開戦と同時に日本軍は、ハワイ奇襲作戦、マレー作戦、フィリピン作戦を発動します。戦争の第一弾はハワイ真珠湾に投下されました。これより数時間おくれて、台湾を発した日本海軍航空隊がフィリピンのクラーク空軍基地を爆撃しました。つづいて十日にも日本海軍航空隊は、マニラ周辺の飛行場を爆撃しました。日本軍の爆撃は成功し、在比米軍の航空戦力およそ百機を壊滅させることに成功しました。このときマッカーサー中将は次のように本国に報告しています。
「戦闘機を操縦しているのはドイツ人だ」
日本人が軍用機を製造し、それを操縦していることがマッカーサー中将には信じられなかったのです。マッカーサー中将が濃厚な人種差別意識を持ち、しかも日本についてまったく無知だったことがわかります。

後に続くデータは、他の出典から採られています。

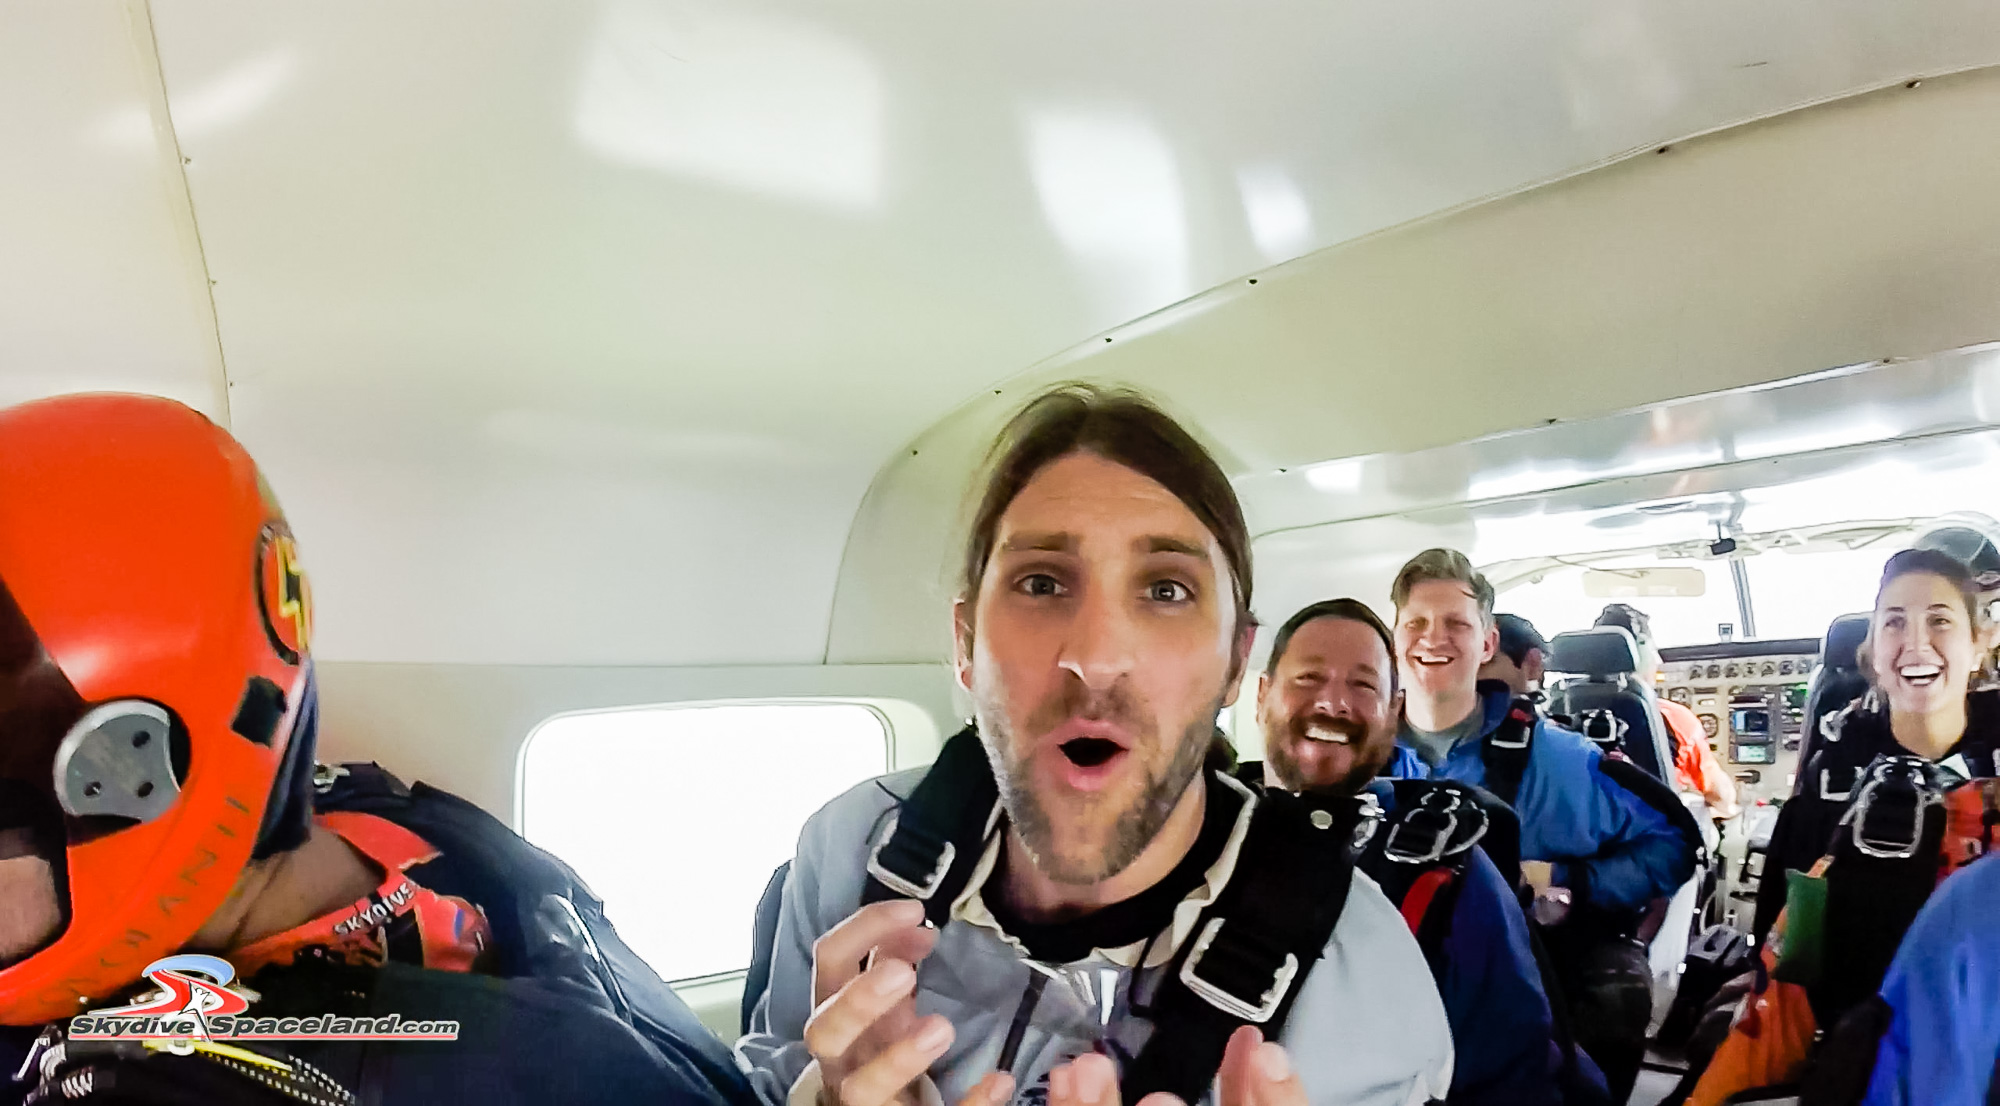 Skydiving Day-Video Screenshots-0010.jpg

日本陸軍第十四軍は迅速にフィリピン上陸作戦を実施します。十二月十日にはルソン島北部に先遣隊が上陸し、二十二日には第四十八師団がリンガエン湾に上陸し、二十四日には第十六師団がラモン湾に上陸しました。両師団はマニラを目指して進撃します。そして、昭和十七年一月二日、第十四軍はマニラを占領しました。
アメリカ極東陸軍司令官マッカーサーは、中将から大将に昇格していましたが、その指揮には精彩がありません。日本軍を侮って警戒を怠り、日本海軍航空隊に空襲され、日本陸軍を水際でくい止めるという戦術も準備不足のため早々に破綻してしまいました。やむなくマッカーサー大将は、司令部のあるマニラの防衛をあきらめ、バターン半島およびコレヒドール要塞で持久するという戦術をとりました。
マッカーサー大将の作戦は功を奏します。米比軍十万はバターン半島とコレヒドール要塞に籠城することに成功し、豊富な火力と堅固な防御陣地で日本軍の進撃を阻みました。唯一の心配は食糧が不足していたことです。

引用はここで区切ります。